7 RStudio Tips and Tricks

NB: This guide assumes you are using RStudio v1.1 or later

7.1 Global Options

The Global Options menu (found in the Tools drop-down menu) allows you to customise the RStudio interface. This includes both aesthetic and functionality changes.

  • Appearance menu: + Change your IDE colour schemes with RStudio themes + Change your text colour schemes with Editor themes + Change your font with Editor fonts. Ligature-enabled fonts (none of the default fonts) let multi-character symbols like <- be displayed as a single character
  • Pane Layout menu: + Lets you customise where each panel is displayed + Lets you move tabs between panes + Restricted to a 4x4 grid
  • Code menu: + Completion tab:
    • Use tab for multiline autocompletions. Check this box to enable tab autocompletion of function calls over multiple lines + Diagnostics tab:
    • Check arguments to R function calls. Check this box and R will show warning/error messages for missing arguments with no default values, and missing/additional commas/brackets
    • Warn if variable has no definition in scope. Check this box and R will show warning messages if variable names supplied to a function aren’t defined anywhere. Picks up on spelling errors like Variable1 instead of variable1
    • Warn if variable is defined but not used. Check this box and R will show warning messages for defined variables that are never used
    • Provide R style guide diagnostics. Check this box and R will show warning messages where you don’t adhere to Hadley Wickham’s style guide

7.2 Keyboard Shortcuts

RStudio has a slew of keyboard shortcuts to make life easier. Alt+Shift+K brings up the menu, or they are available under the Tools drop-down menu. Some useful ones:

  • Ctrl+<Number>: Move focus to pane/tab corresponding to <Number>. Most useful are Ctrl+1 for Source and Ctrl+2 for Console
  • Ctrl+Shift+<Number>: Maximise the pane/tab corresponding to <Number>
  • Ctrl+Ent: Run selected line(s)
  • Alt+Ent: Run selected line(s) without moving cursor
  • Ctrl+Shift+P: Re-run previous line(s). Lets you change values between runs.
  • Ctrl+I: Re-indent selected lines
  • Ctrl+Shift+C: Comment/uncomment selected lines
  • Alt+-: Insert <-
  • Ctrl+Shift+M: Insert %>%
  • Ctrl+L: Clear console
  • F1: Bring up help file for selected function name
  • F2: Bring up source file for selected function name

7.3 Code Folds

Code folds allow you to hide/show chunks of code in a script file to make navigating scripts easier. You might already be familiar with these since RStudio uses them automatically for braced regions like for loops/if statements/user-defined functions.

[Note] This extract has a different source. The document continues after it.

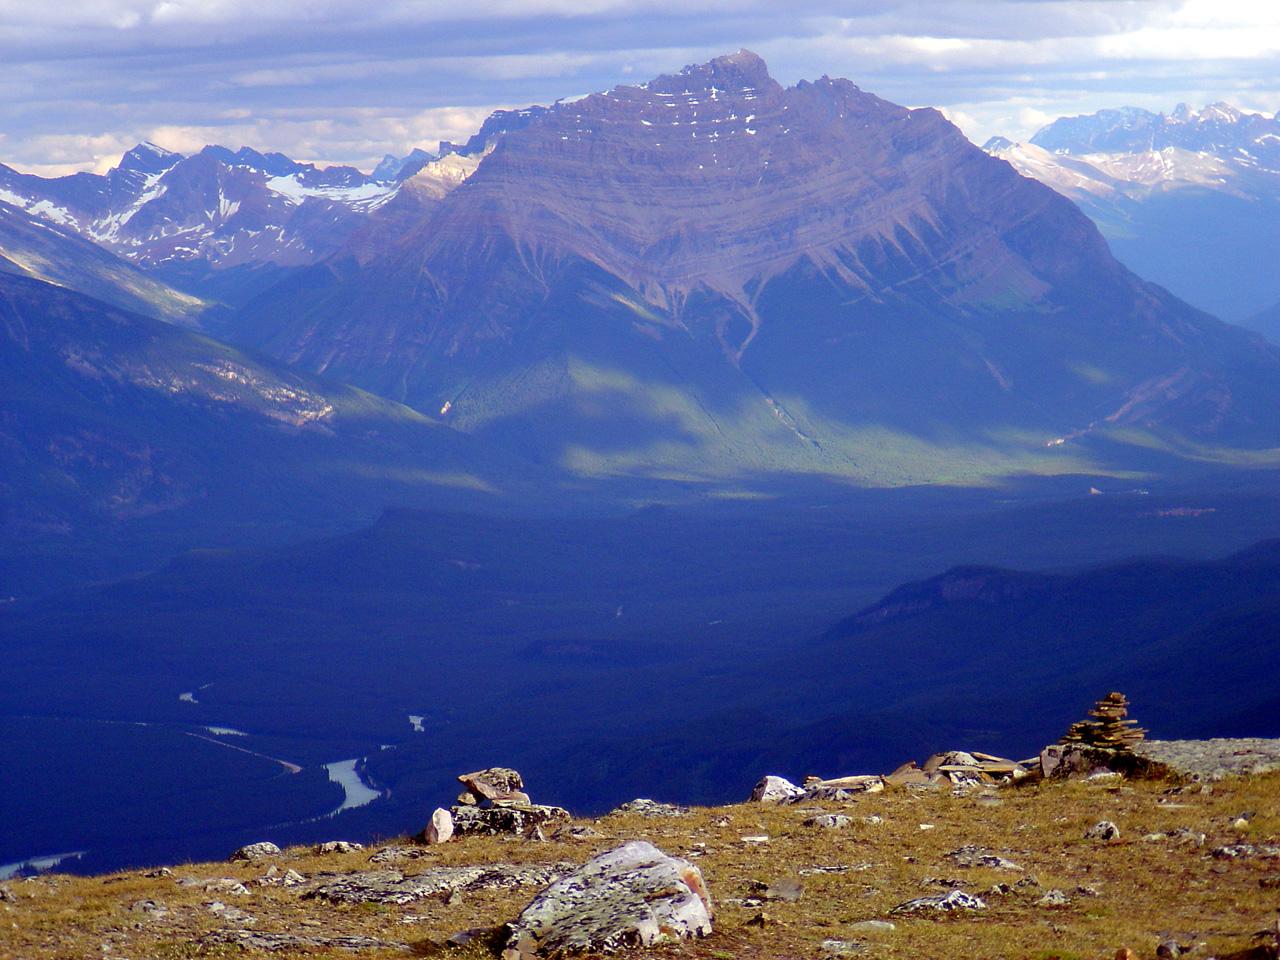 Jasper National Park Photo Crazy View From Whistler S Mtn Dh Wall S Jasper Journal

They show up as small triangles next to the line numbers.

You can manually add code folds with comment lines that include at least four trailing dashes -, equal signs =, or hashes #. This will then let you hide all code between two lines with code folds. There is no set structure to code folds beyond this so you can work them into section headers to create a neat document. Folded sections show up in the Jump To menu at the bottom of the script editor making it easy to navigate big documents. Example folds:

  • #----
  • #====
  • #####
  • # Section 1 ----
  • ## Section 1a ----
  • # Load Data ===========================
  • #### Plotting ####

7.4 R Projects

R projects are a neat way of encompassing an entire set of work. Some of the benefits to this are:

  • Relative filepaths. No more using setwd() or read.csv("C:/Users/Person/Documents/Folder/Folder2/Folder3/Data/File.csv")!
  • When you re-open a project file the RStudio session is exactly as you ended it. The scripts you had open are still open, and .RData is loaded sothe variables are still stored in the environment (so you don’t have to re-run code). However, packages need to be reloaded and the Plots pane is emptied.
  • Version control. R projects can be set up with version control software like git. RStudio has a two ways to interact with git: a Terminal (covered later) and a point and click GUI interface. We will probably cover this in a future Coding Club session.

7.5 Terminal

RStudio now has an in-built Terminal which allows access to the system shell within the RStudio IDE. For computers that don’t have a built-in Terminal (e.g. Windows), then you will need to install something like Git-Bash (might come with newer versions of RStudio). The Terminal can be used for things like version control with git, remote logins, compiling python code, etc.